TASK DATA:
>>

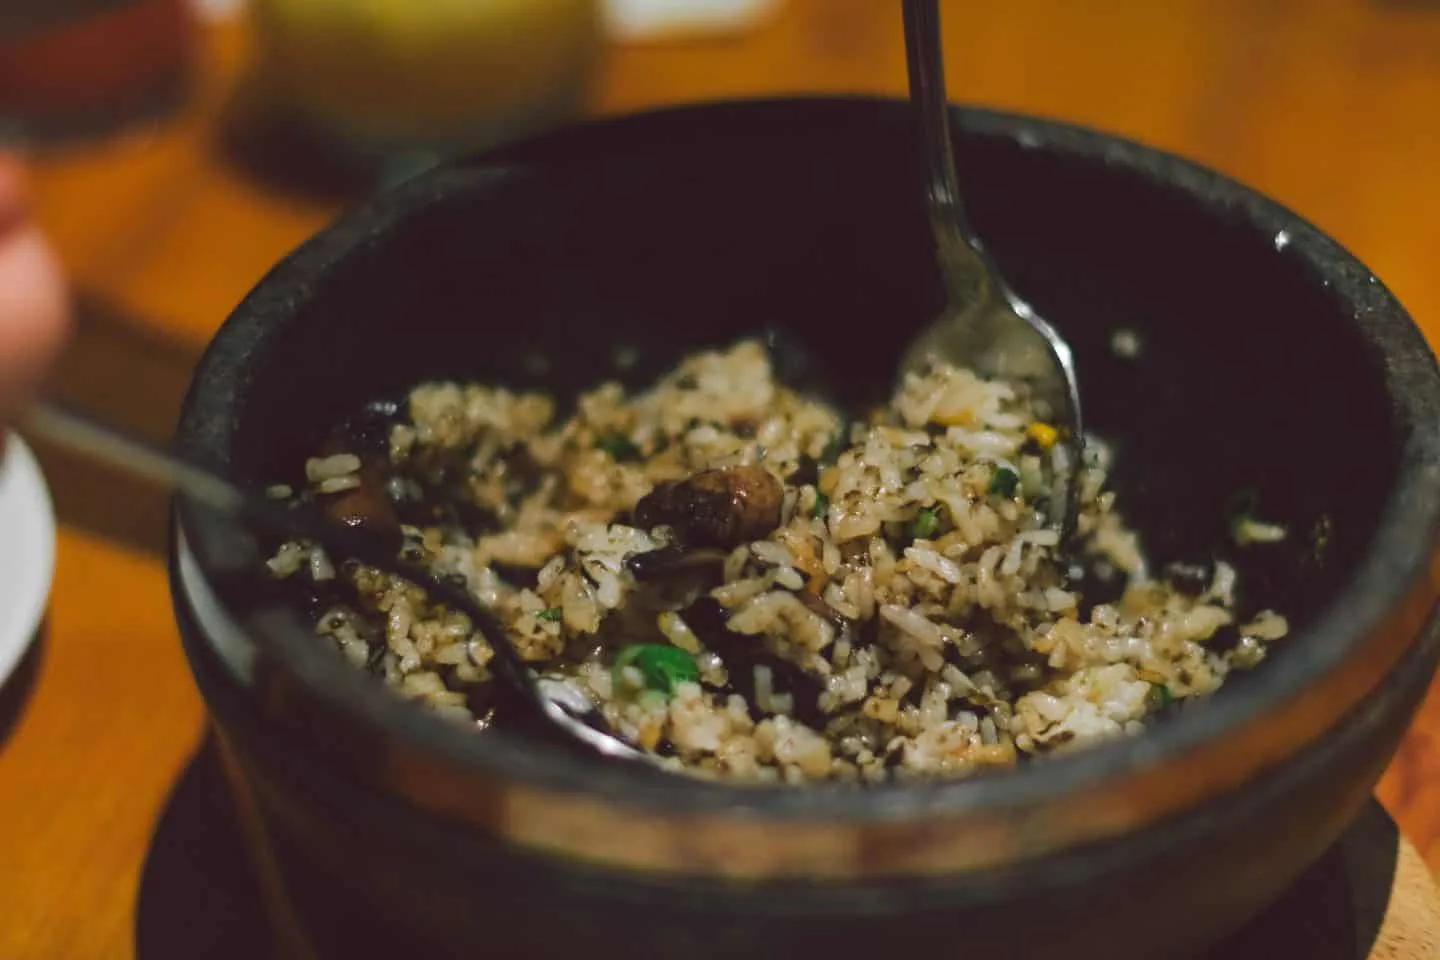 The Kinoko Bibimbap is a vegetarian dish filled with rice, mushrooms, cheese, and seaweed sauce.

<<
>>

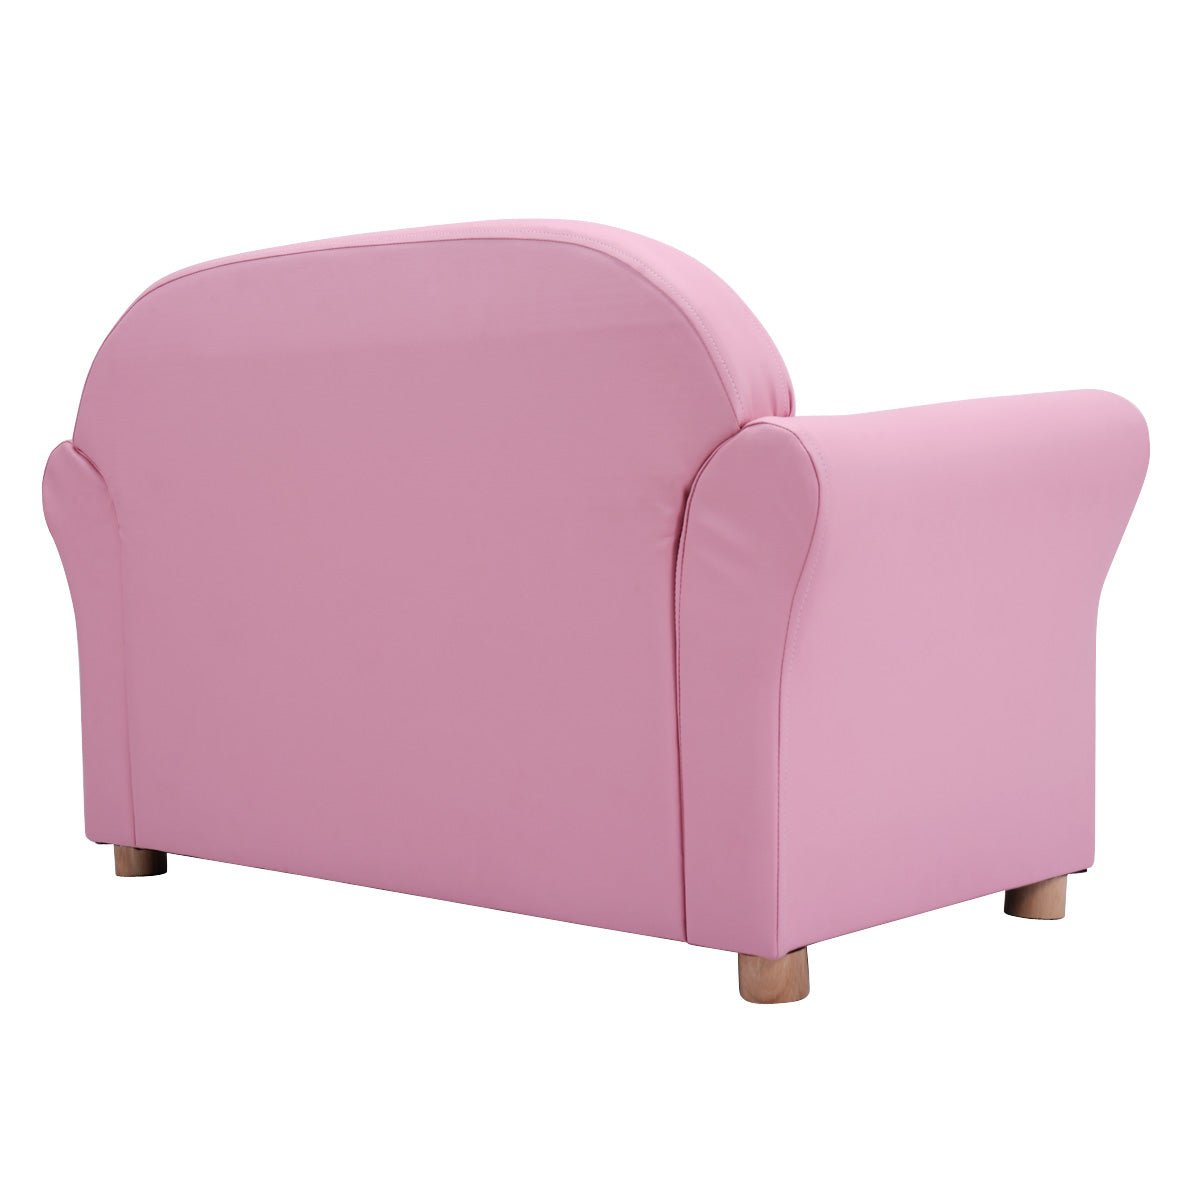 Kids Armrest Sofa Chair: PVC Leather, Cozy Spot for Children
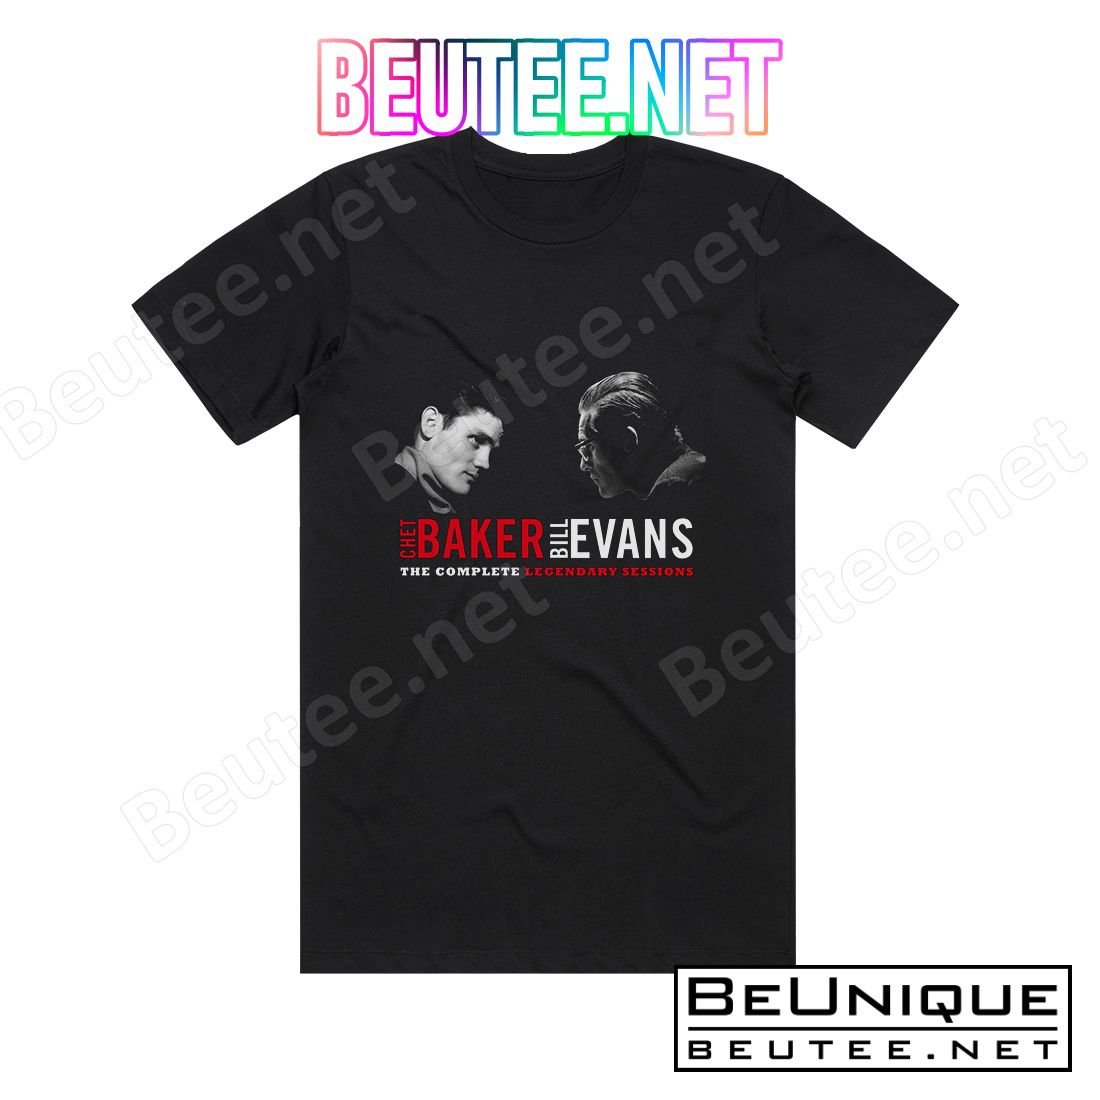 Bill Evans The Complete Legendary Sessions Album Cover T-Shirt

<<

PROBLEM DETAILS:
Go back to the lines above and output, exactly as they stand, the ones from the line containing "Kids Armrest Sofa" to the line containing "Bill Evans The". Leave all pictures behind.

REPLY:
 Kids Armrest Sofa Chair: PVC Leather, Cozy Spot for Children
 Bill Evans The Complete Legendary Sessions Album Cover T-Shirt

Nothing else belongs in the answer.